Nvidia Fermi, AMD Radeon and Intel Larrabee

IEEE Spectrum predicted that Intel’s Larrabee chip would be a technological winner.

we believe that Larrabee is a winner—because of the one feature that it alone offers: C++ programmability. The first test chips came out only a few weeks ago (Jan 2009) , and the product won’t reach store shelves until late 2009.

Intel Larrabee looks to be up to 6-12 months later than planned and Nvidia’s next generation GPU the Fermi will be out with C++ support.

The last stated release date from Intel was either late this year or early 2010. That does not seem likely now.

“I never thought they were on time and I don’t think they are on track,” said Jim McGregor, chief technology analyst with In-Stat. “And I don’t think they are going to make their goal. Their goal that Pat [Gelsinger, former senior vice president who headed the Larrabee project] said last year was if it can’t compete on the highest end, they won’t release it.”

(May 2009)Intel VP of corporate technology Joseph Schultz mentioned that Intel is now looking at a release date of the first half of 2010, moved back from the company’s original late-2009 target.

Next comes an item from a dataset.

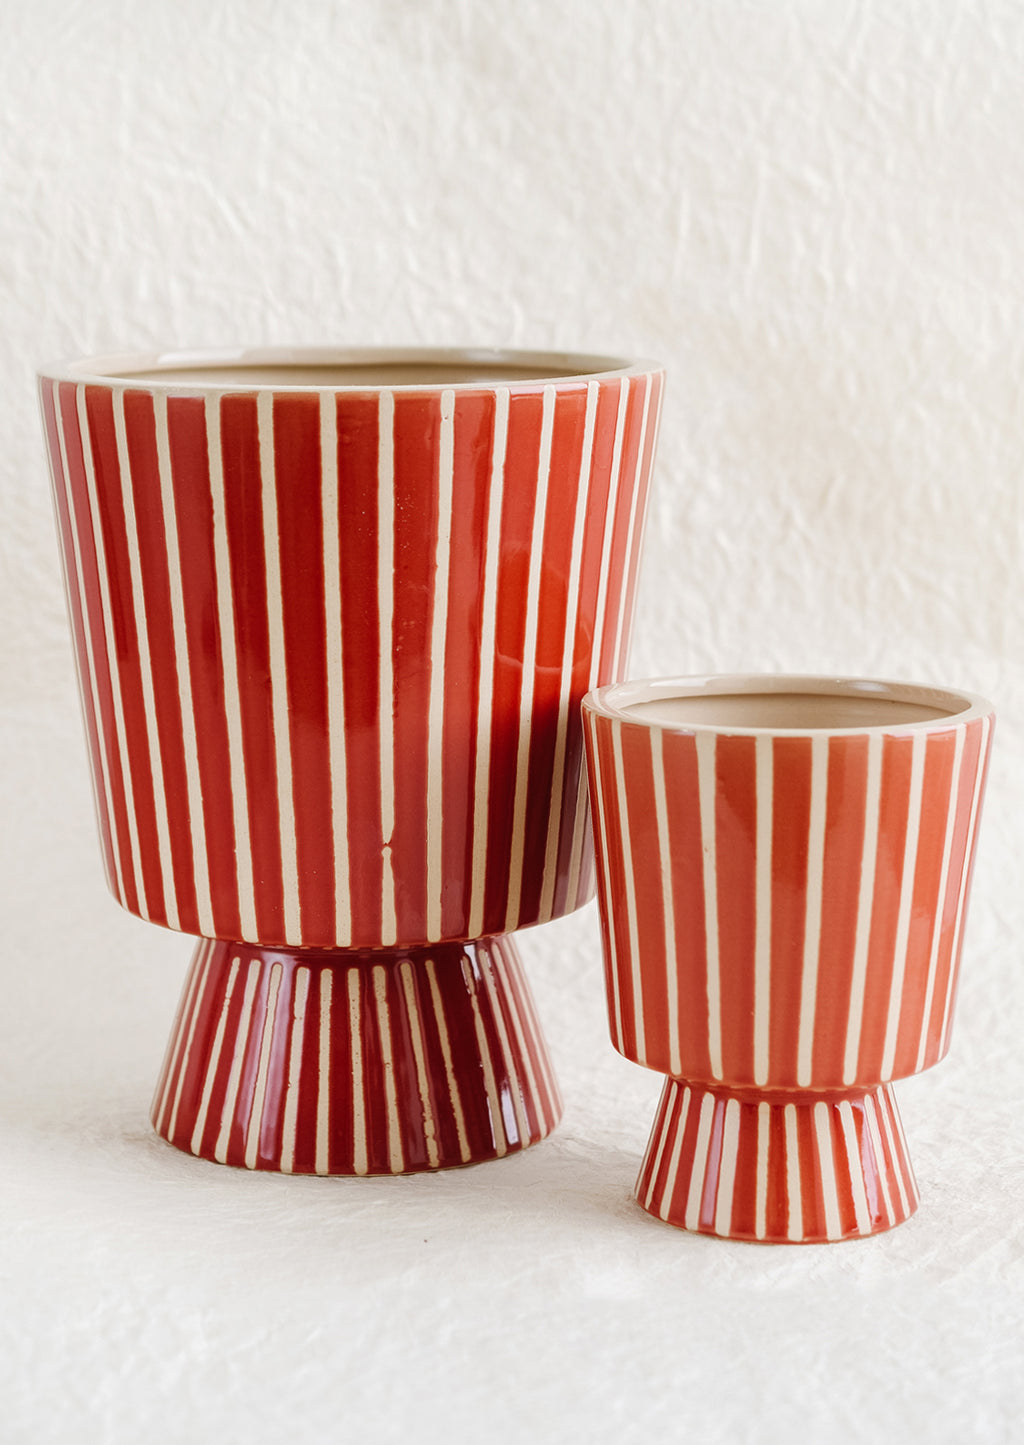 2: A footed planter with vertical white stripes on red ceramic, in small and large sizes.

The Top 10 Innovations in the New NVIDIA Fermi Architecture, and the Top 3 Next Challenges, David Patterson Director, Parallel Computing Research Laboratory (Par Lab), U.C. Berkeley

I believe the Fermi architecture is as big as an architectural advance over G80 as G80 was over NV40. The combined result represents a giant step towards bringing GPUs into mainstream computing. The table previews my take on the Top 10 most important innovations in the new Fermi architecture. This list is from a computer architect’s perspective, as a user would surely rank performance higher. At the end of the paper, I offer 3 challenges on how to bring future GPUs even closer to
mainstream computing, which the table also lists.

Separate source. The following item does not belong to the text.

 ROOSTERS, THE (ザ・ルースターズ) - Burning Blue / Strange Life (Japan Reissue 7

Past GPUs had a variety of different types of memories, each in their own address space. Although these could be used to achieve excellent performance, such architectures are problematic with programming languages that rely on pointers to any piece of data in memory, such as C, C++, and CUDA

Fermi has rectified that problem with by placing those separate memories—the local scratchpad memory, the graphics memory, and system memory—into a single 64‐bit address space, thereby making it much more easier to compile and run C and C++ programs on Fermi. 6 Once again, PTX enabled this relatively dramatic architecture change without the legacy binary compatibility problems of mainstream computing.

21 page Nvidia white paper on Fermi

The implementation of a unified address space enables Fermi to support true C++ programs. In C++, all variables and functions reside in objects which are passed via pointers. PTX 2.0 makes it possible to use unified pointers to pass objects in any memory space, and Fermi’s hardware address translation unit automatically maps pointer references to the correct memory space. Fermi and the PTX 2.0 ISA also add support for C++ virtual functions, function pointers, and ‘new’ and ‘delete’ operators for dynamic object allocation and de-allocation. C++ exception handling operations ‘try’ and ‘catch’ are also supported.

Nvidia Fermi versus AMD Radeon

Fermi versus AMD Radeon: Who Wins, Who Loses in Supercomputing Applications?

While AMD and Nvidia battle for supremacy in the GPU computing arena, there’s one obvious loser, Intel. AMD’s 5870 appeared on schedule. Nvidia’s Fermi is late, but its GTX 280 series still is competitive. Intel’s Larrabee remains a no-show. End users who buy their systems by the teraflop have discovered and validated an alternative approach that requires fewer x86 CPUs, less power, and less space. GPU computing is here to stay, and the market will punish those who lack a competitive offering.

While AMD and Nvidia battle for supremacy in the GPU computing market, there’s one obvious loser, Intel. AMD’s 5870 appeared on schedule. Although Nvidia’s Fermi is late, its prior generation GTX 280 still has some life left in it. But, Intel’s many-core Larrabee is still a no-show, and the company’s Larrabee demo at its recent Developers’ Forum was universally regarded as brain-dead, if not an outright embarrassment. End users with high performance computational requirements previously filled their data centers with racks of x86 servers to handle those requirements. Now they have now discovered and validated an alternative approach that requires fewer x86 CPUs, less power, and less space. GPU computing won’t solve all the world’s computing problems, but it will give users who buy their systems by the teraflop a new, more cost effective alternative that will take some of the wind out of Intel’s high performance computing sales.